Page 21 sur 25
Filters
Field contains string
[code]df2 = df1[df1['My field'].str.contains('AAA').fillna(False)]
print(tabulate(df2.head(5), headers='keys', tablefmt='psql'))[/code]
Field not contains a string
Just use ~:
[code]df2 = df1[~df1['My field'].str.contains('AAA').fillna(False)]
print(tabulate(df2.head(5), headers='keys', tablefmt='psql'))[/code]
Field not empty, not NaN, not null
[code]df_notEmpty= df[
(df['My field'].notnull()) &
(df['My field'].notna()) &
(df['My field'] != '') &
(df['My field'] != 'nan')
][/code]
Filed starts with
[code]df2 = df1[df1['My field'].str.startswith('A')]
print(tabulate(df2.head(5), headers='keys', tablefmt='psql'))[/code]
Or:
[code]df2 = df1[df1['My field'].str.startswith(('A', 'B'))]
print(tabulate(df2.head(5), headers='keys', tablefmt='psql'))[/code]
Field is a numeric value
[code]# Function to extract numeric values
def extractNumericValue(my_text):
my_values = re.findall(r'^-?\d+\.\d+|-?\d+$', str(my_text))
if my_values:
return my_values
else:
return None
# Apply
df['SearchNumericValue'] = df['My column'].apply(extractNumericValue)
dfResult = df[
(df['SearchNumericValue'].notna()) &
(~df['My column'].astype(str).str.contains('[a-zA-Z]', regex = True))
]
print(tabulate(dfResult.head(10), headers='keys', tablefmt='psql', showindex=False))[/code]
Field matches regex
Here we search where the field is a number with a comma as decimal separator.

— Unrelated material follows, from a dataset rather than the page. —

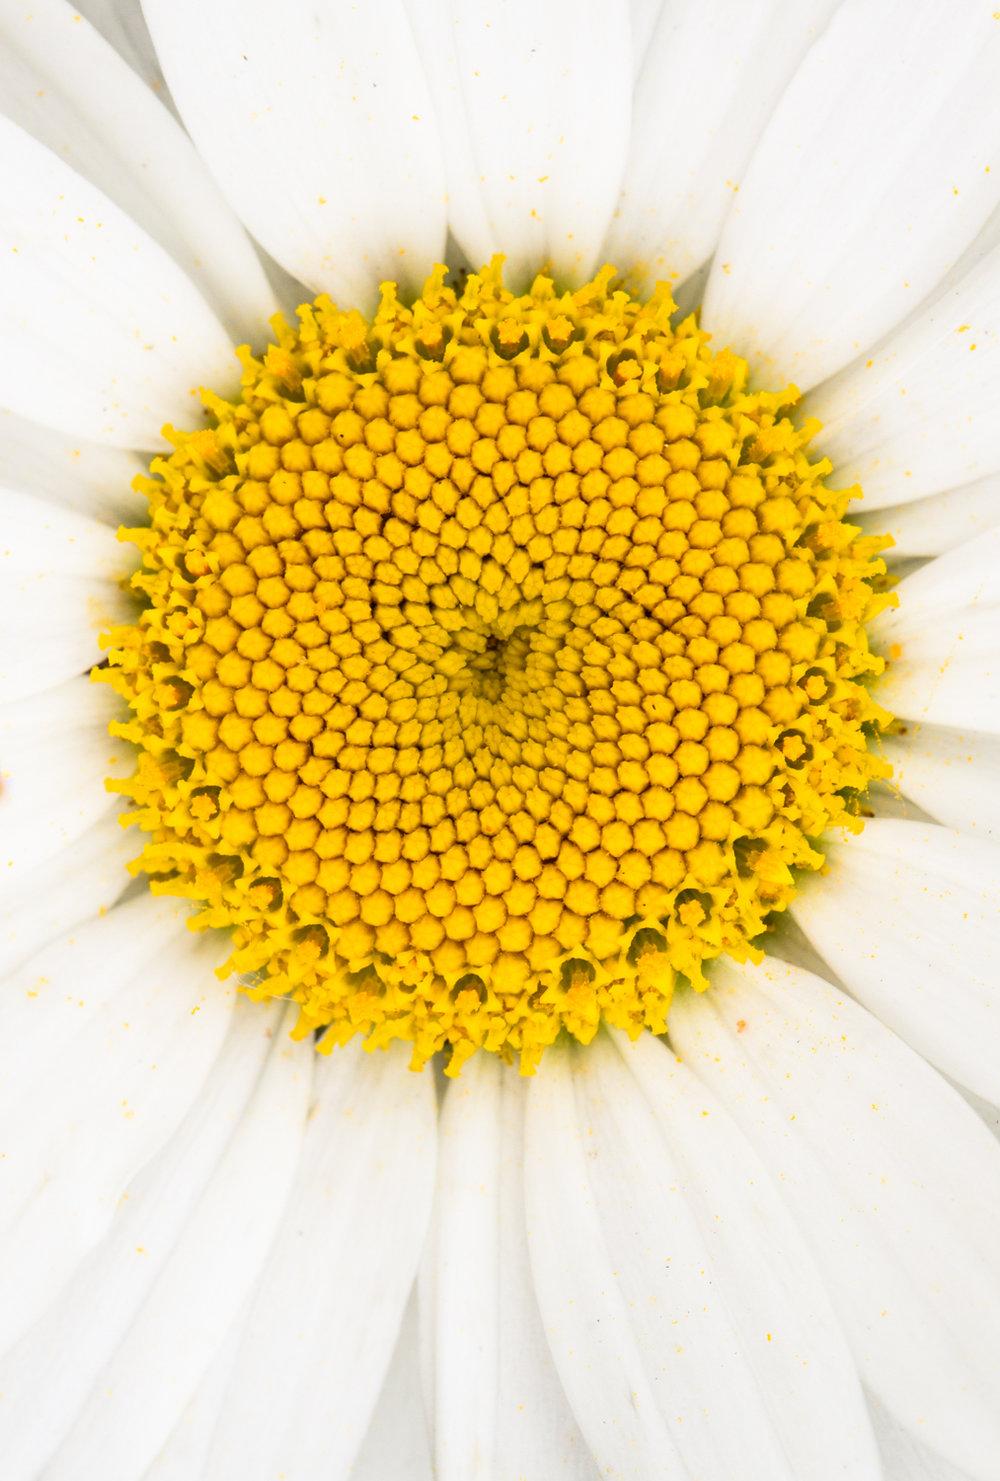 July-Blog-Macro-Photography-Flora-Ann-Arbor-Jaymes-Dempsey-13.JPG

[code]dfTest = df_ImportTxt[df_ImportTxt['My field'].str.match(pat='^\d+,\d+$')==True][/code]
Field contains element from a list
Example searching space, star and parenthesis:
[code]MySearch = ['\*', ' ', '\(', '\)']
df2 = df1[df1['zone'].str.contains('|'.join(MySearch)).fillna(False)]
print(tabulate(df2.head(40), headers='keys', tablefmt='psql', showindex=False))[/code]
Field equals element from a list
[code]MySearch = ['Bbbb', 'XXX']
df2 = df1[df1['zone'].str.fullmatch('|'.join(MySearch)).fillna(False)]
print(tabulate(df2.head(40), headers='keys', tablefmt='psql', showindex=False))[/code]
Or like a SQL IN:
[code]searchIn= ['AAA', 'BBB', 'CCC']
df2 = df1[df1['My field'].isin(searchIn)]
print(tabulate(df2.head(5), headers='keys', tablefmt='psql', showindex=False))[/code]
Field in digit
[code]df2 = df1.loc[df1['zone'].astype(str).str.isdigit()]
print(tabulate(df2.head(5), headers='keys', tablefmt='psql'))[/code]
Several condition
Below we get lines with a field with null values and another field with empty values:
[code]df2 = df1[(df1['My field'].isna()) | (df1['My other field'] == '')]
print(tabulate(df2.head(5), headers='keys', tablefmt='psql', showindex=False))[/code]
Get lines searching if values are IN a list
[code]searchIn= ['AAA', 'BBB', 'CCC']
df2 = df1[df1['My field'].isin(searchIn)]
print(tabulate(df2.head(5), headers='keys', tablefmt='psql', showindex=False))[/code]
Field not finishes with a concatenation from other fields
Suppose you have this dataframe df:
| Language | |
| Python | docA-Python.pdf |
| SQL | docF-SQ.pdf |
| PHP | docS-PHP.pdf |
| CSS | docG-CSS.pdf |
| Javascript | docR-Javascript.pdf |
| HTML | docW-HTML.pdf |
Now you would like extract lines where the PDF field does not finish with [Language field] + '.pdf':
[code]Compare = df[['Language', 'PDF']].apply(lambda x: x['PDF'].endswith(x['Language'] + '.pdf'), axis=1)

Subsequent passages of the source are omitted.